美祢市特産のくり「厚保くり」がことしは記録的な不作になっていて、JAでは、今シーズンの直売所での販売を取りやめることにしました。

県内有数のくりの産地、美祢市では厚保地区を中心に栽培されたくりを「厚保くり」のブランドで出荷していて、多い年では1日あたりの集荷量が1000キロ近くありますが、今年度は1日あたり30キロ前後の日が続いています。
JAの直売所では、毎年、多くの人が「厚保くり」求めて訪れますが、今シーズンは出荷の見通しがたたず、直売所での販売を中止することにしました。
JAの職員は、販売中止を知らずに直売所を訪れた人や電話での問い合わせなどへの対応にあたっていました。
JAによりますと、6月末からの記録的な大雨や夏の猛暑で受粉がうまく進まなかったことが、不作の原因と見られるということです。
夫婦で訪れた市内の70代の女性は「くりご飯や親戚に送るため買いに来ましたが、くりがなくてびっくりしました」と話していました。
JA山口県美祢統括本部秋芳営農センターの河村佳克さんは「これほど収穫が少ないのは過去になく、販売できないのは心苦しいです。

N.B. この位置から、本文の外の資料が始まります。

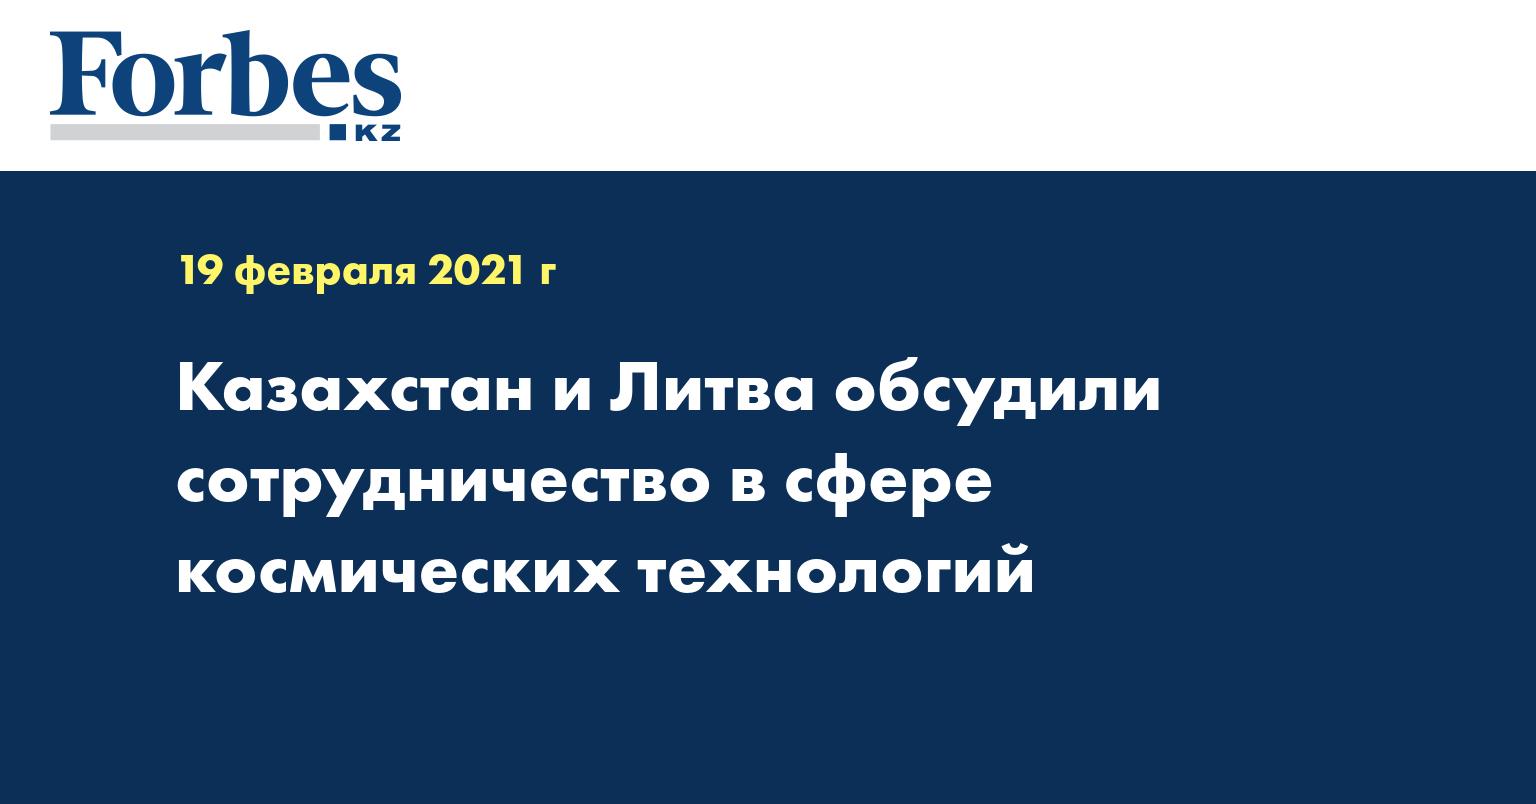 Казахстан и Литва обсудили сотрудничество в сфере космических технологий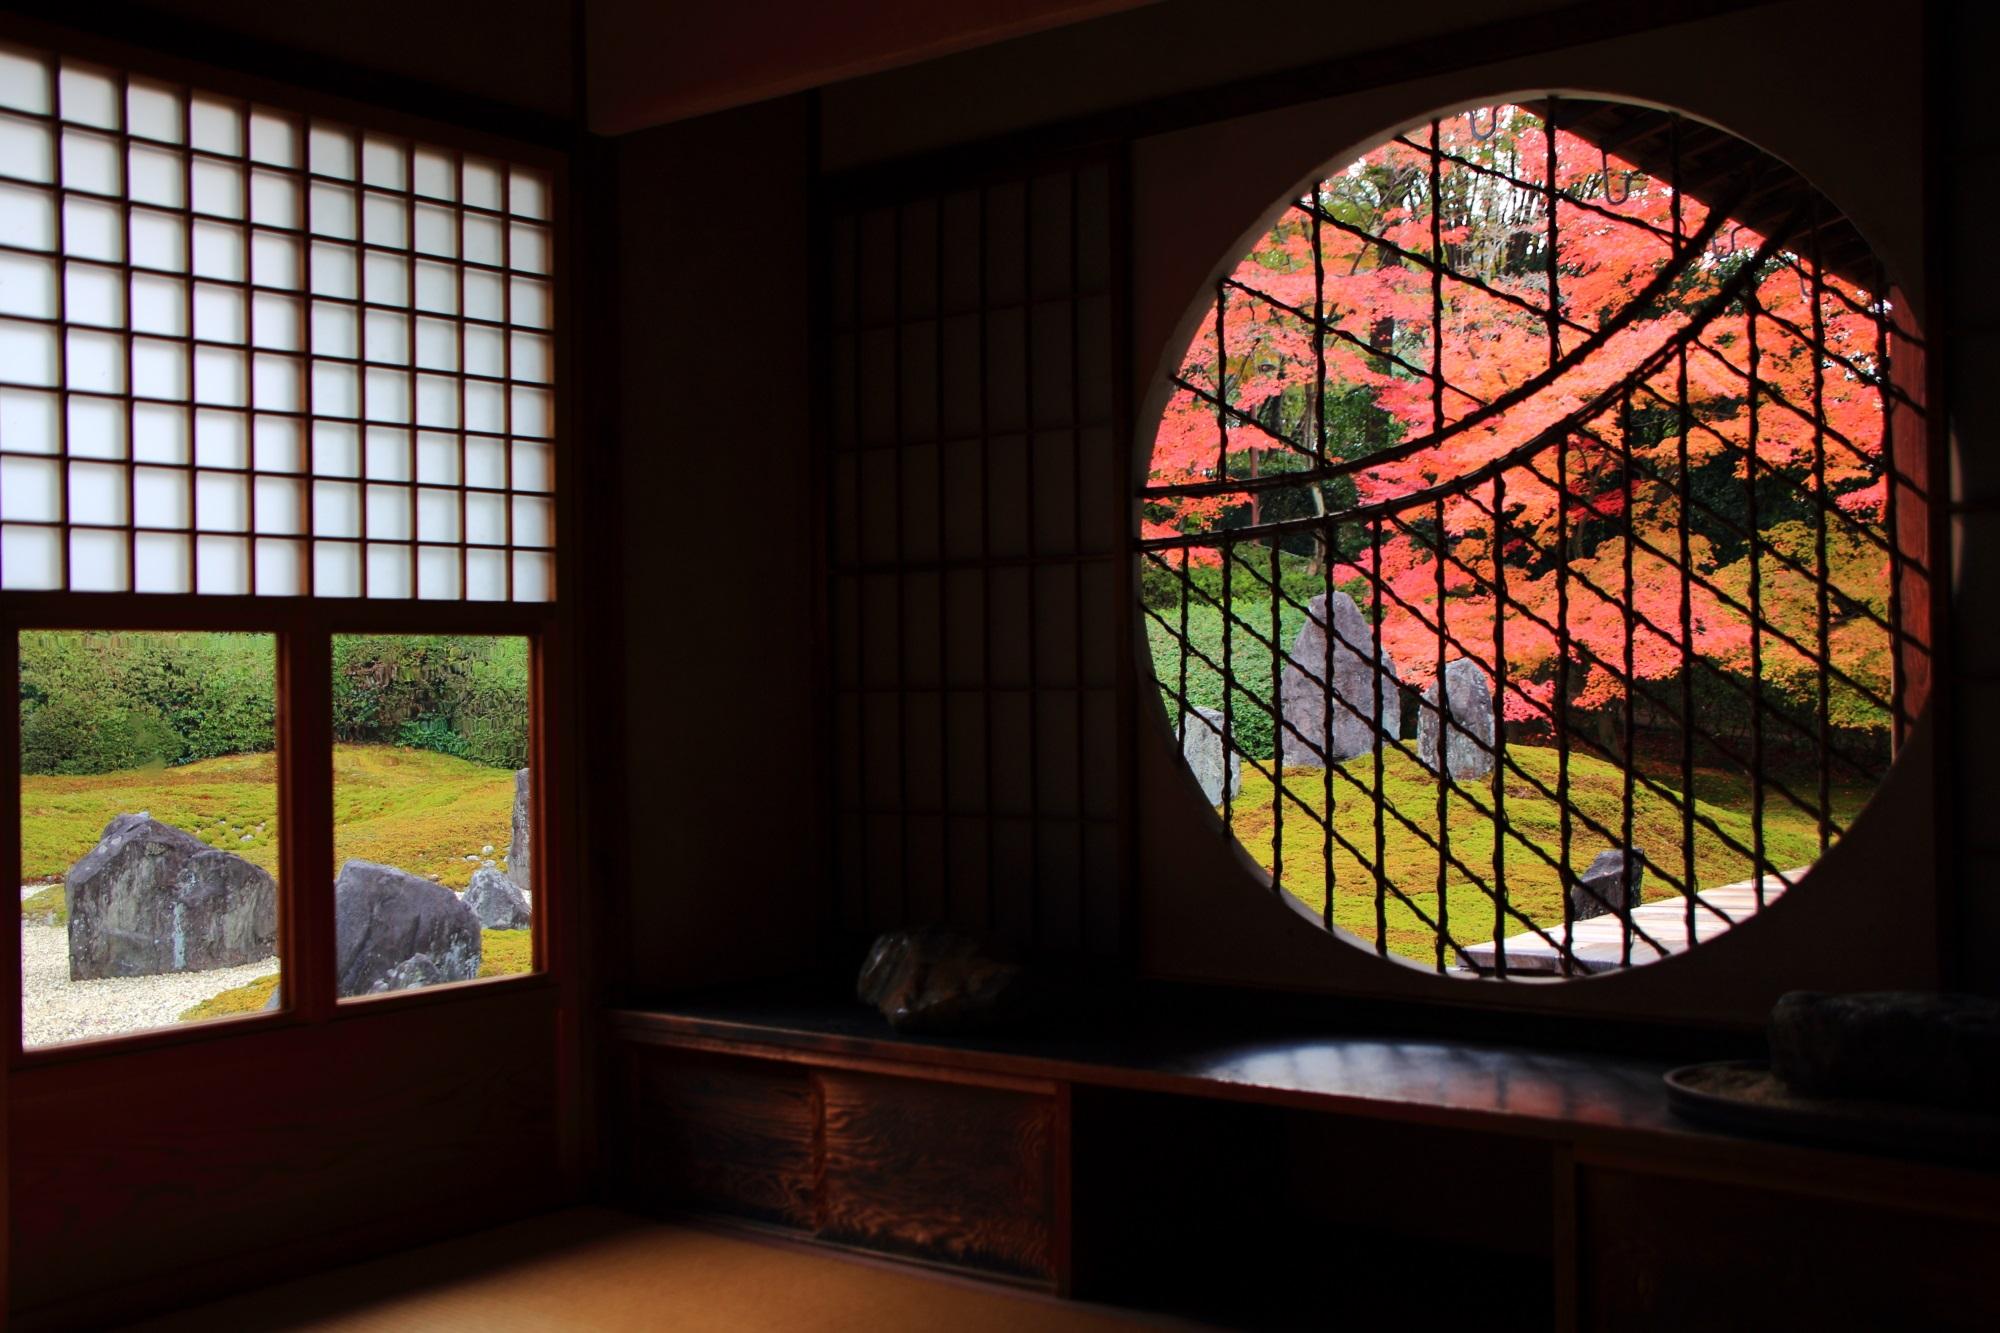 光明院の丸い吉野窓から見える秋の美しく趣きある紅葉

お客さんが厚保くりから離れてしまうことが心配です」と話していました。

【観光栗園は休園に】
美祢市厚保地区の宮田観光栗園では、毎年9月から有料でくり拾いを体験することができ、多い日は100人ほどの観光客などでにぎわいます。
しかし、記録的な不作のため、9月は休園を余儀なくされました。
くり園によりますと、いまの時期は、足の踏み場がないほどくりの実が落ち、9月下旬の時点で1000キロほどを収穫していますが、ことしはわずか20キロほどしか収穫できていないということです。
宮田観光栗園の宮田修園長は、「50年ほど観光農園を経営していますが、ここまでの不作は初めてです。今シーズンはくりの収入はほとんど見込めず、困っています」と話していました。